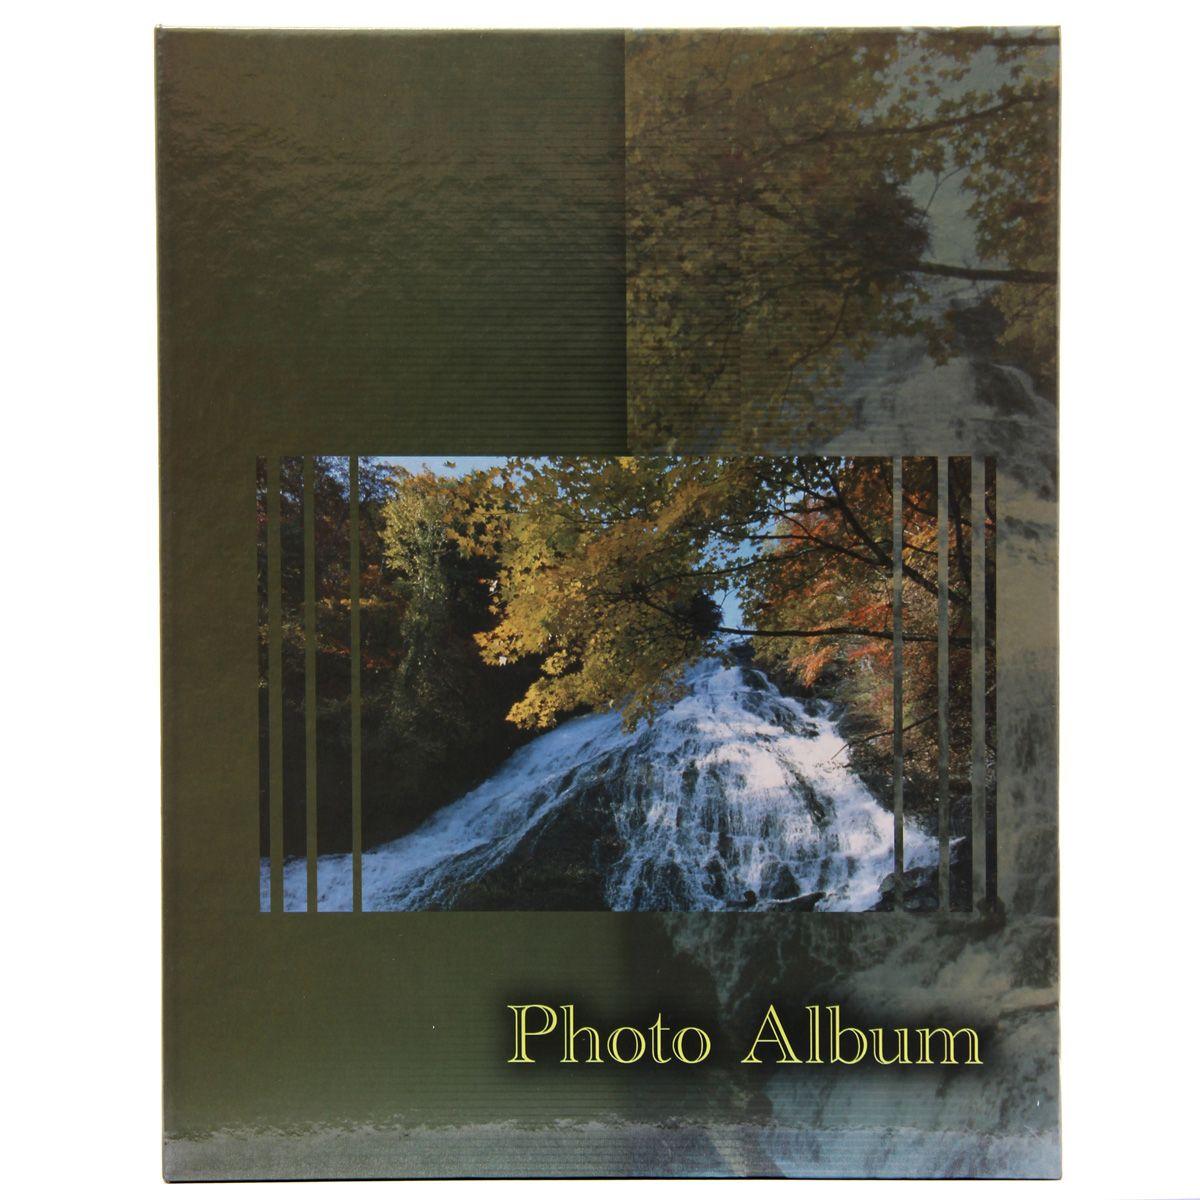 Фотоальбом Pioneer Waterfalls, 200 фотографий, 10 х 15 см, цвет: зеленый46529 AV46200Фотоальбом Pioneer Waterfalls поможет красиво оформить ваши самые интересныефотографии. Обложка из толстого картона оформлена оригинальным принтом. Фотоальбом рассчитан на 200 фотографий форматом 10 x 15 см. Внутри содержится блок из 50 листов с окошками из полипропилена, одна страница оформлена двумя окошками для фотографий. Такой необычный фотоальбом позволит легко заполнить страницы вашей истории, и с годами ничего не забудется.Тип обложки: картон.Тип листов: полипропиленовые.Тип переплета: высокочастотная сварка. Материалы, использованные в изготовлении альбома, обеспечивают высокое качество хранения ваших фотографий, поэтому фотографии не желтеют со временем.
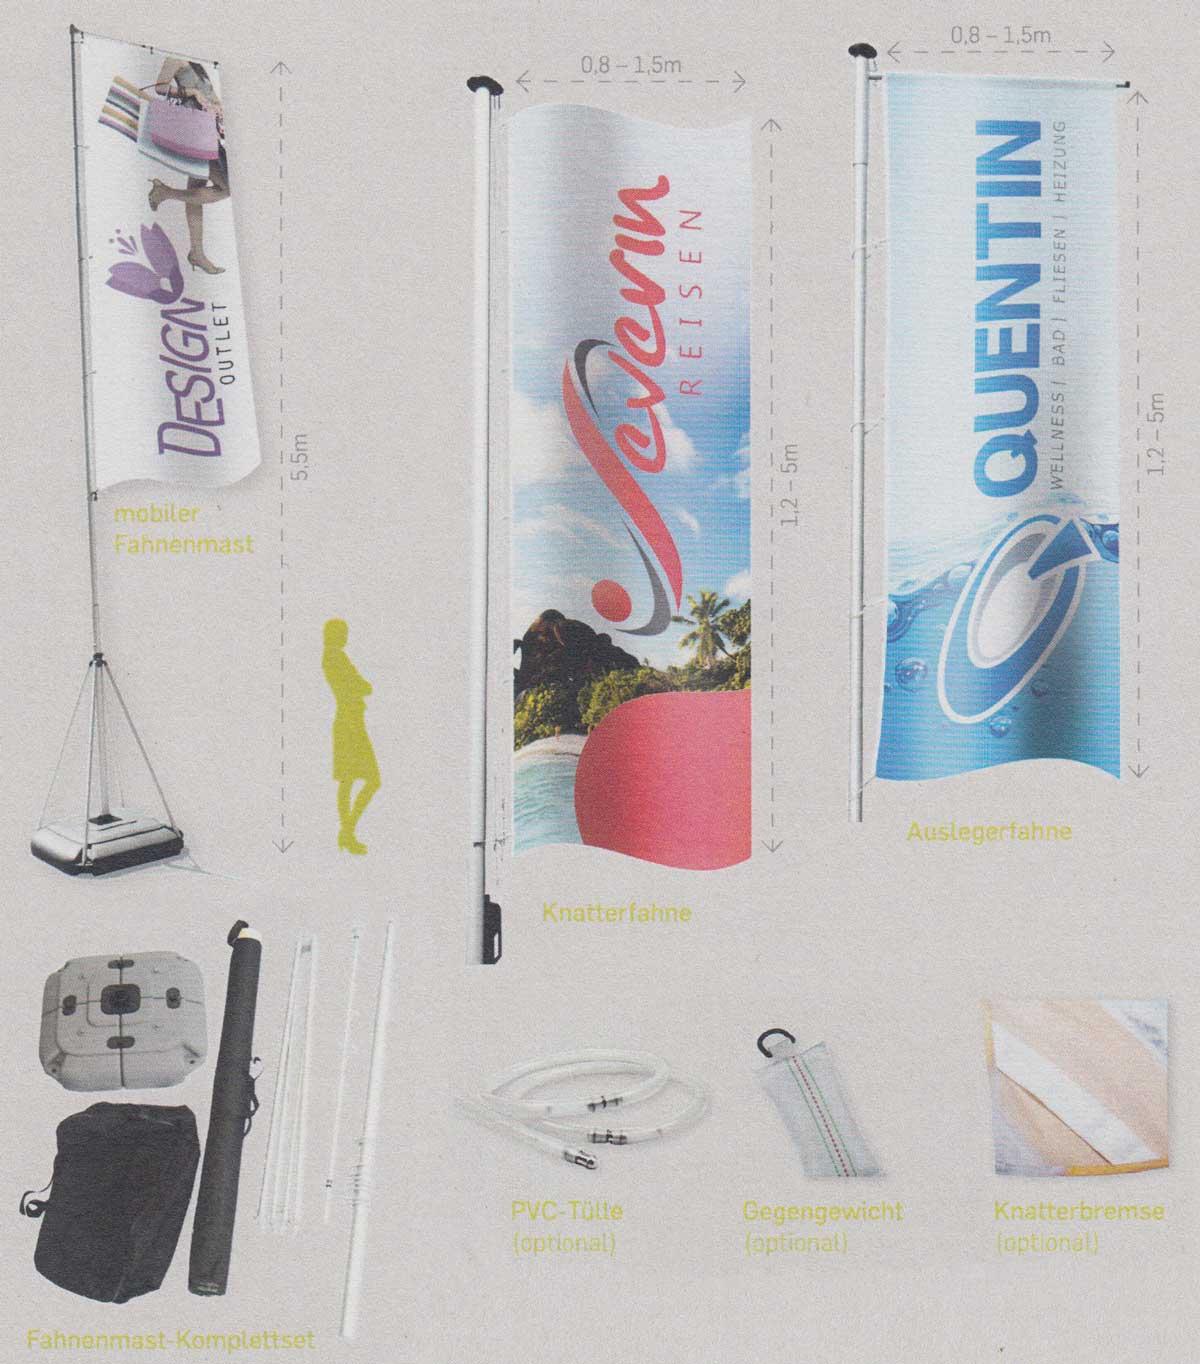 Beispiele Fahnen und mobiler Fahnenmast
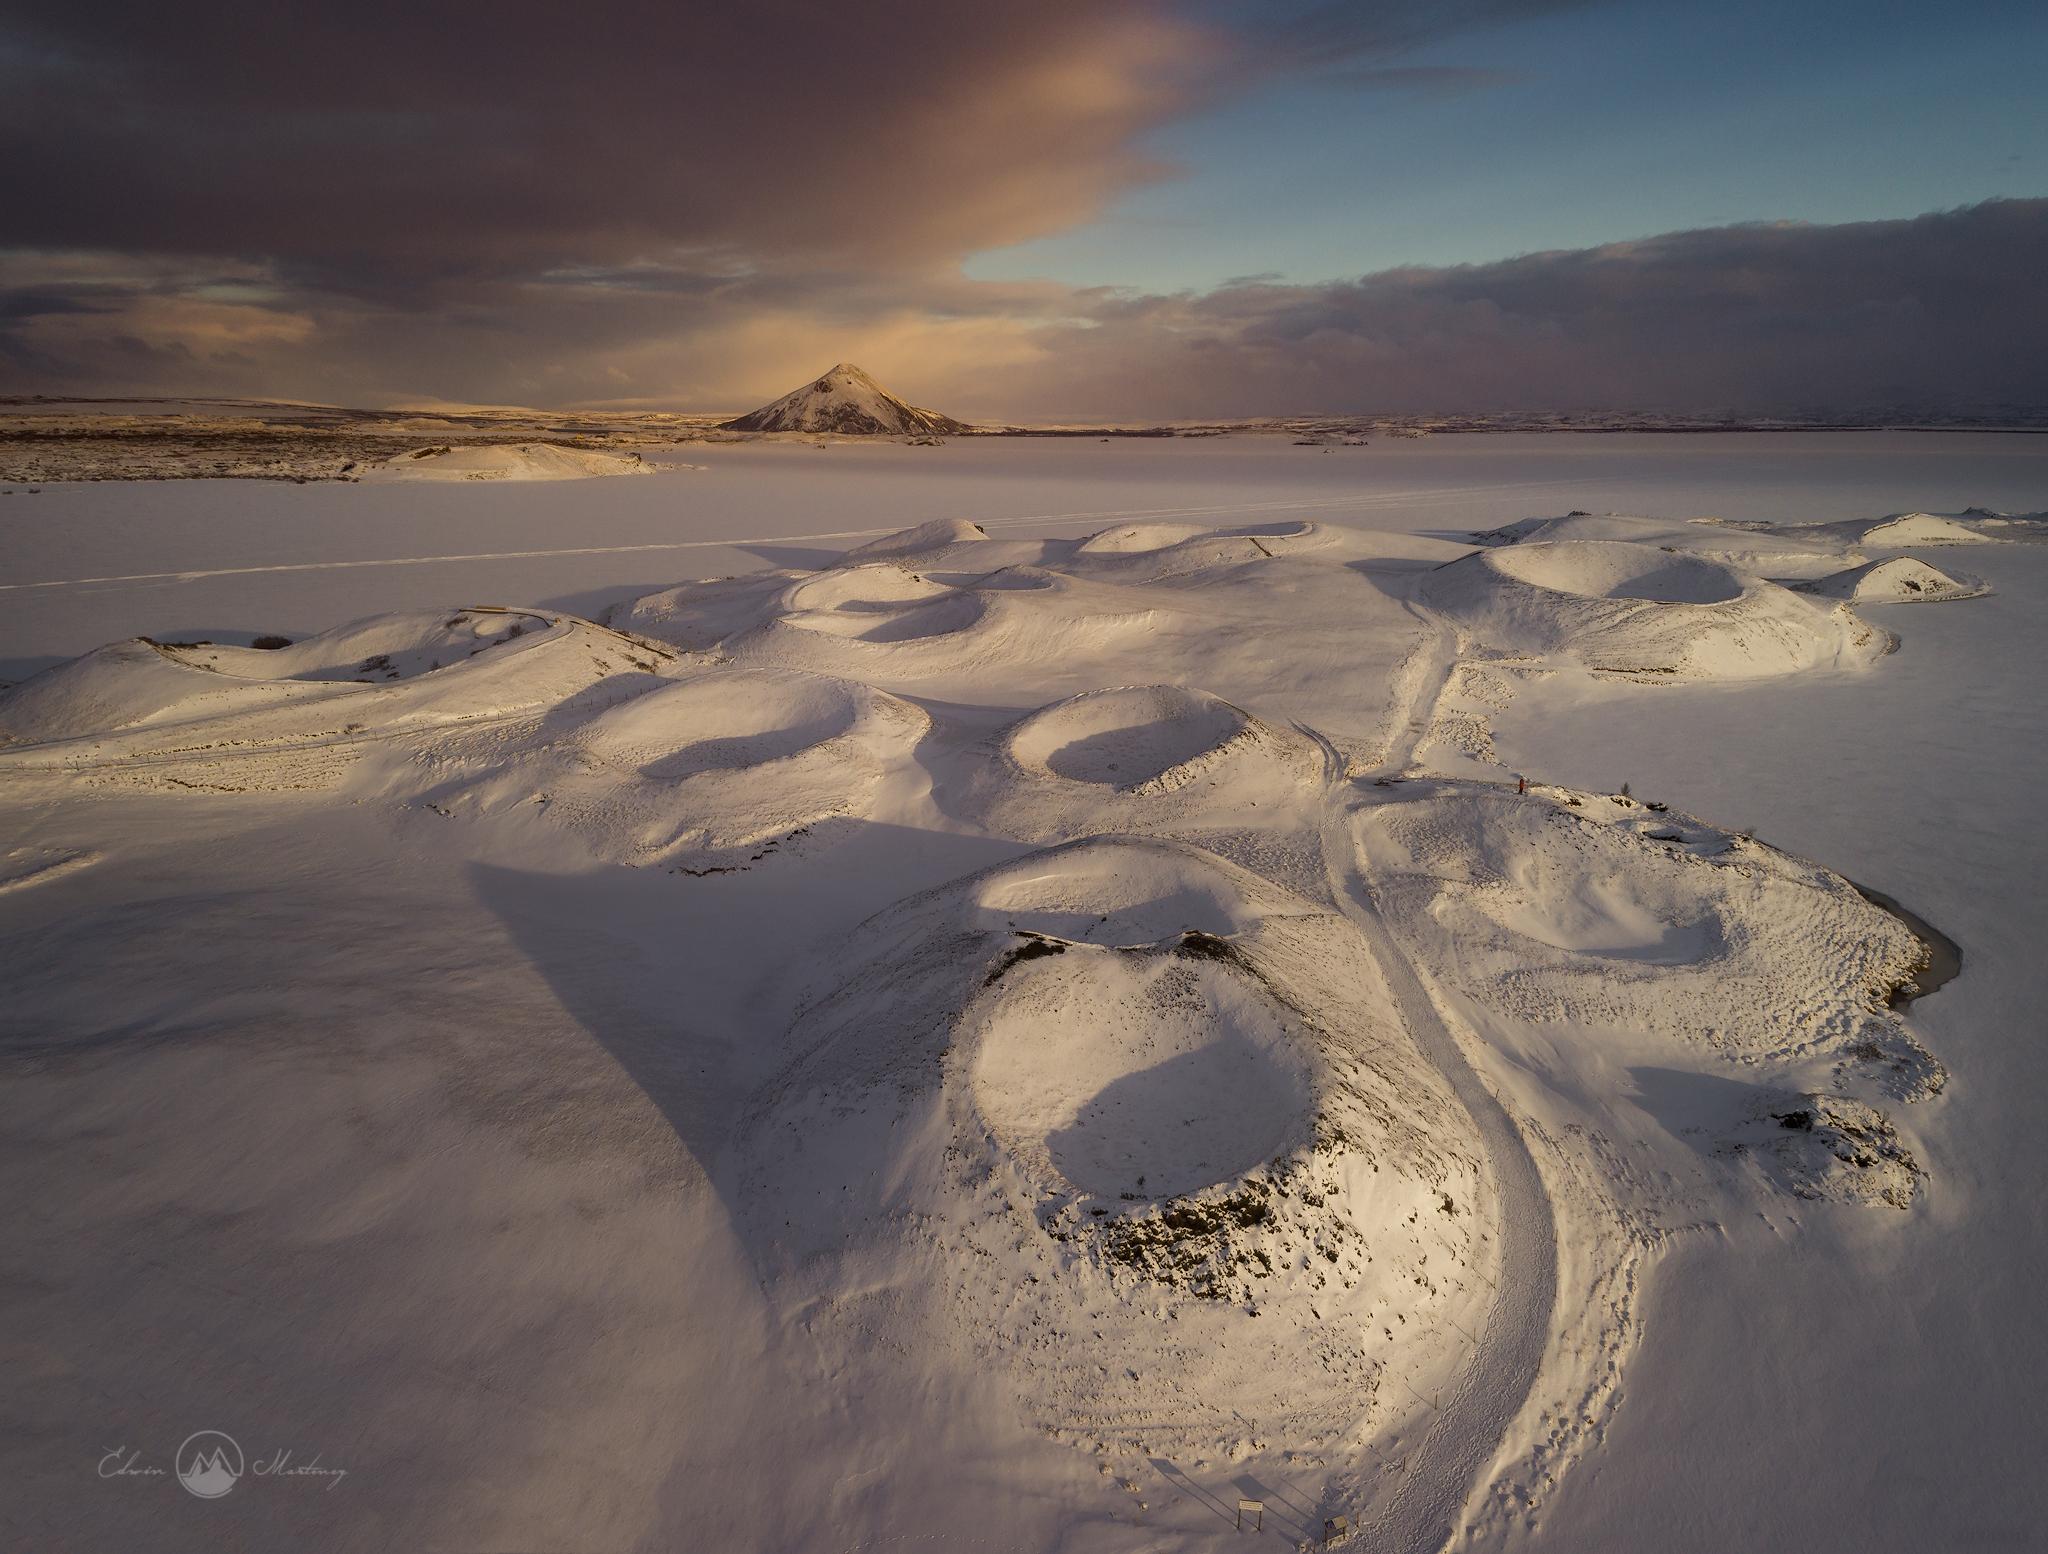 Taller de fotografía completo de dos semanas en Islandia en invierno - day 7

__HOW TO COMPLETE THIS TASK__. No pictures belong in the copy. Retype exactly, and only, the lines from the line containing "Beispiele Fahnen und mobiler Fahnenmast" through the last line of the data, both included.

__ANSWER SPACE__.
 Beispiele Fahnen und mobiler Fahnenmast
 Taller de fotografía completo de dos semanas en Islandia en invierno - day 7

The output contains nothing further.